A large proportion of herbal product health claims in the EU is based on the historic and traditional use of a botanical. As the EC states in its discussion paper, regulators could either allow this type of traditional-use data to serve as substantiation for health claims, or, alternatively, regulators could handle botanical health claims with the same requirements they have applied to other health claim submissions-that is, EFSA has required clinical trial data to demonstrate health benefits.

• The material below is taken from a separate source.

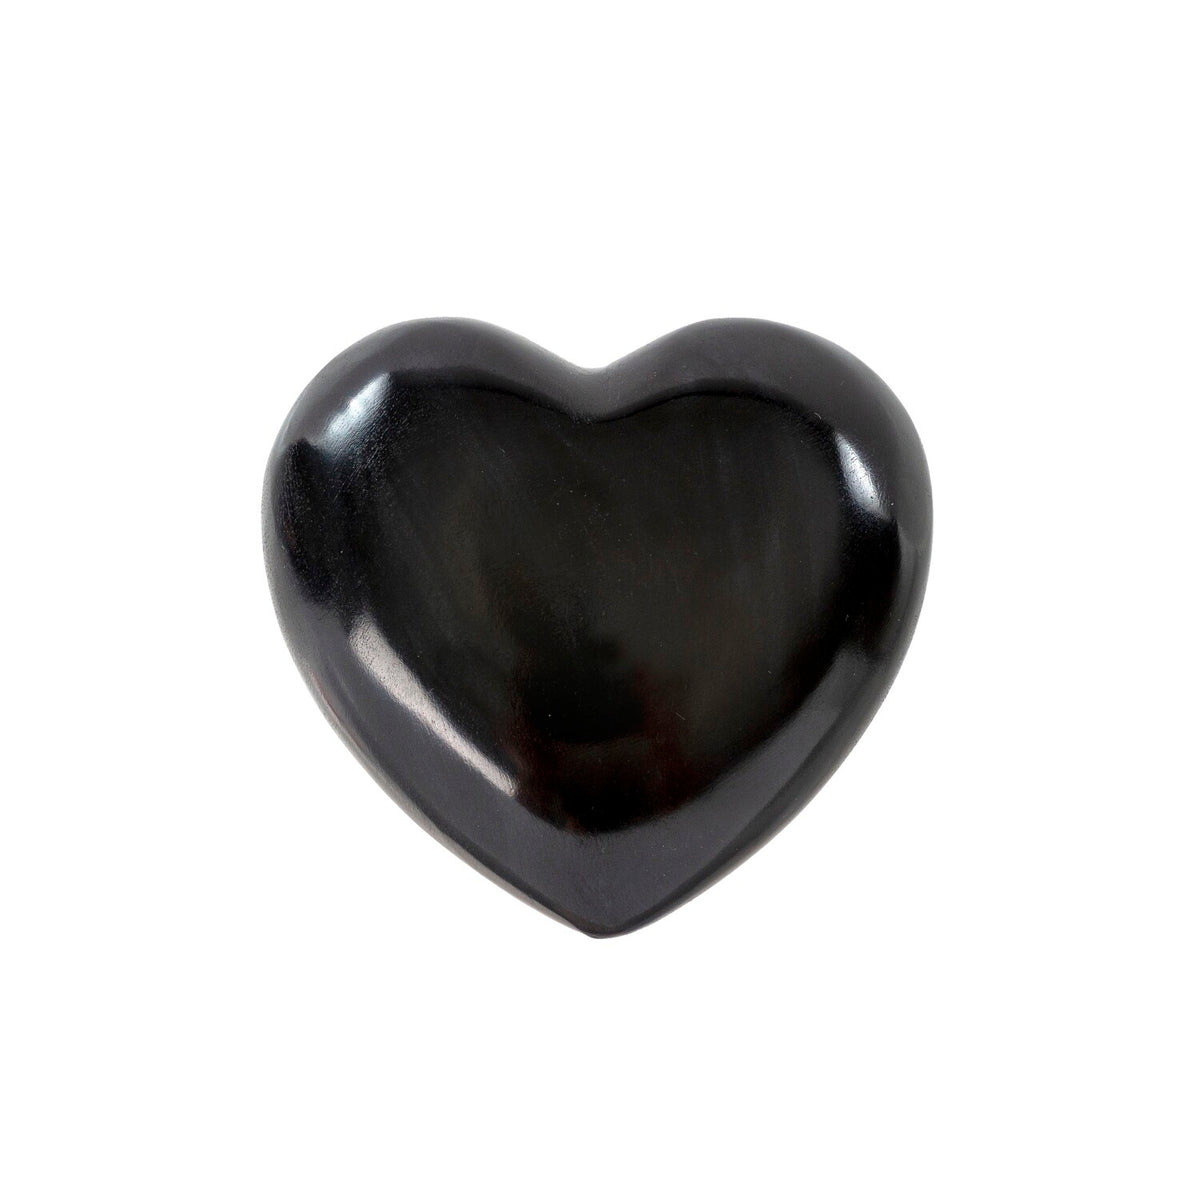 Soapstone Heart Large Black

If EFSA does not permit the use of traditional-use data in botanical assessments, it would mean that most health claims would be disallowed because they are not supported by human intervention study data. As the UK-based Health Food Manufacturers Association (HFMA) comments, the types of gold-standard human intervention studies that EFSA has tended to seek in health claims assessments are often not feasible when it comes to botanicals. As HFMA says, it would be “difficult, if not impossible” for herbal companies to be able to offer the sort of evidence EFSA wants to support botanical food supplement claims, mainly because it would require carrying out clinical studies on healthy people and populations.
For those in the botanicals industry, traditional-use data would be a preferred route. Also, as HFMA points out, most of the existing evidence of effects of botanicals can be found in traditional herbal monographs. “Were this readily accepted as part of the substantiation ‘package,’ the [current controversial] situation would be erased,” it states.
The UK Department of Health explained in its September 25 letter to stakeholders that while “adopting this [traditional-use] approach could lead to development of new, specific legislation for botanicals in foods…,” this option would take years to develop. But for many in the botanicals business, taking the time to develop the best possible framework for botanicals would be well worth it. As EHPM’s Rousselot remarks, “Over 95% of herbal manufacturers are small- and medium-sized businesses. An inappropriate decision on the future legal framework will have huge consequences for the products and these companies.”
So, are we facing a potential for massive disapprovals of botanical food supplement claims in Europe? Europe is at a crossroads.
Rousselot says, “If EFSA proceeds with [botanical health claim] assessments without a change of approach, it is expected that most, if not all, claims for botanicals will receive negative opinions and therefore will be rejected for further use.”
Rousselot says that traditional-use data will allow EFSA to not only address safety and quality but to also enhance the free movement of botanical food supplements in the EU market and to “provide legal certainty on the status of these products that are now often considered in different ways” by member state authorities.
And, of course, “This will enable consumers to have access to a wide variety of affordable, safe, and well-controlled products in all member states alike,” Rousselot concludes.